**The rule of three is probably one of the most used “informal” mathematical operations.**. In my case, I remember having learned it at school, but not from the various math teachers who came across my life as a student, no, I remember having learned it from a classmate who, in turn, had learned it from his parents. Happy for my new math skill, I didn’t hesitate to share it with other people either.

I don’t know if this will have changed at some point, since a few decades have passed since, innocent of me, when asking a teacher about said slide rule, he “invited” me to unlearn that immediately because, according to what he told me , **it was a tremendously informal calculation formula**, not accepted by the academic community, and that could sometimes lead to erroneous results. He seemed angry, but the truth is that this man always seemed angry, so I did not give it too much importance and, of course, I continued using the rule of three.

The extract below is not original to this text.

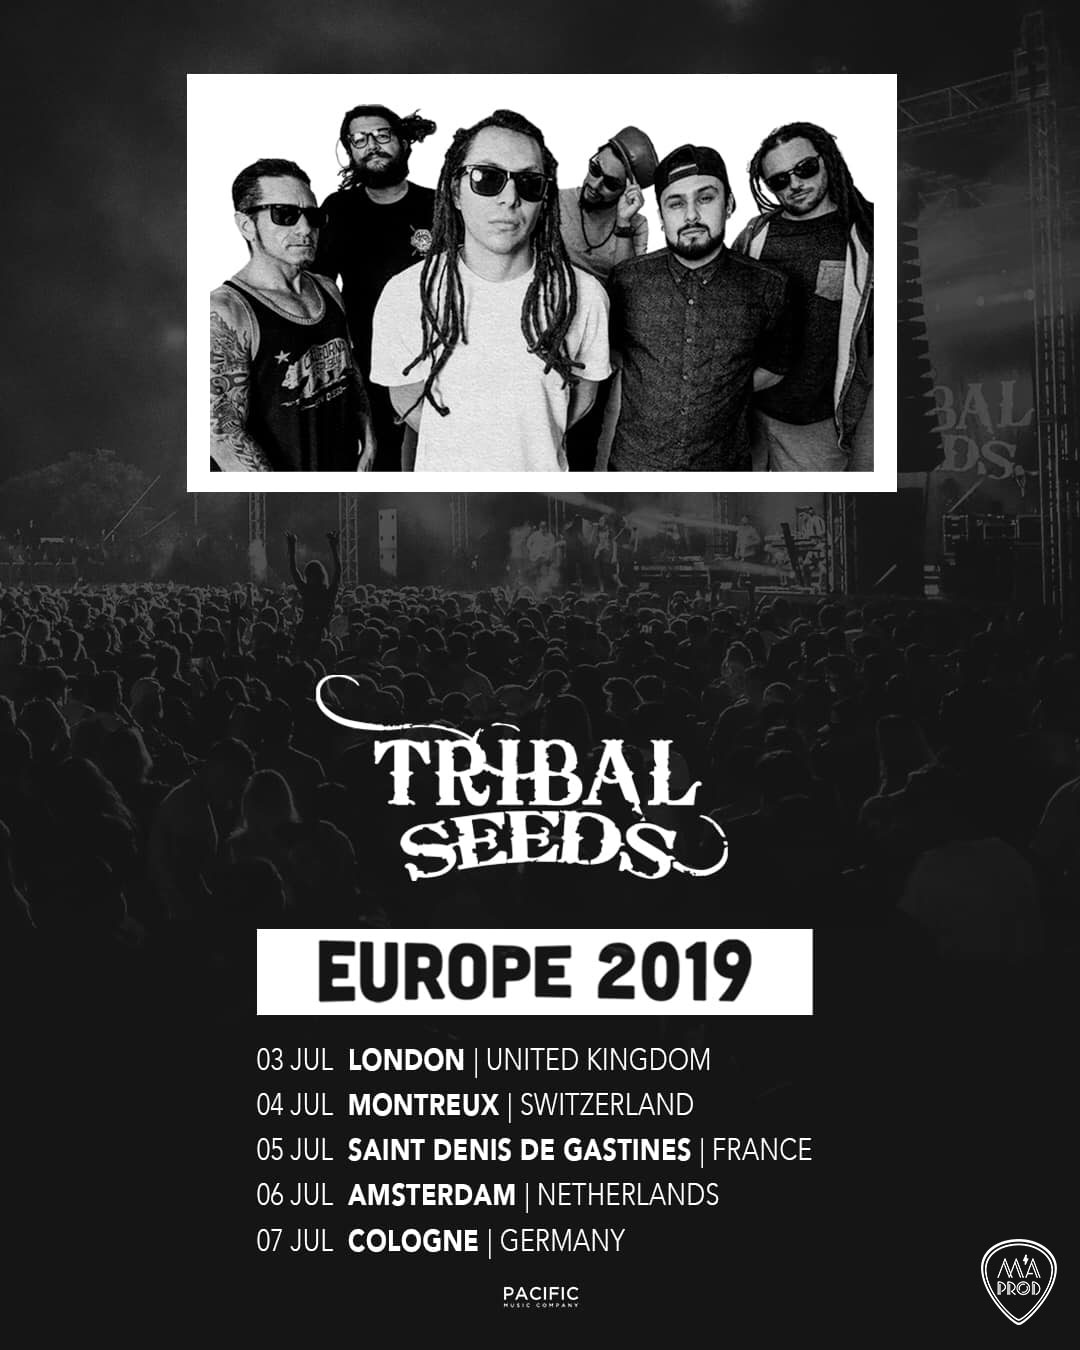 Tribal Seeds Europe Tour 2019 dates

Over the years I came to the conclusion that, in its own way, what it was trying to tell me was that **the rules of three can be direct or inverse**, and that applying the direct rule of three formula when we should use the inverse (and vice versa) will always give us an erroneous result. I thank him for making me doubt, because I’m sure that was the reason why he reprimanded me for using it, and no other. That is to say, I have never ever thought that, in reality, that guy was bitter and that just behaving like that with the students calmed his vital anguish a little.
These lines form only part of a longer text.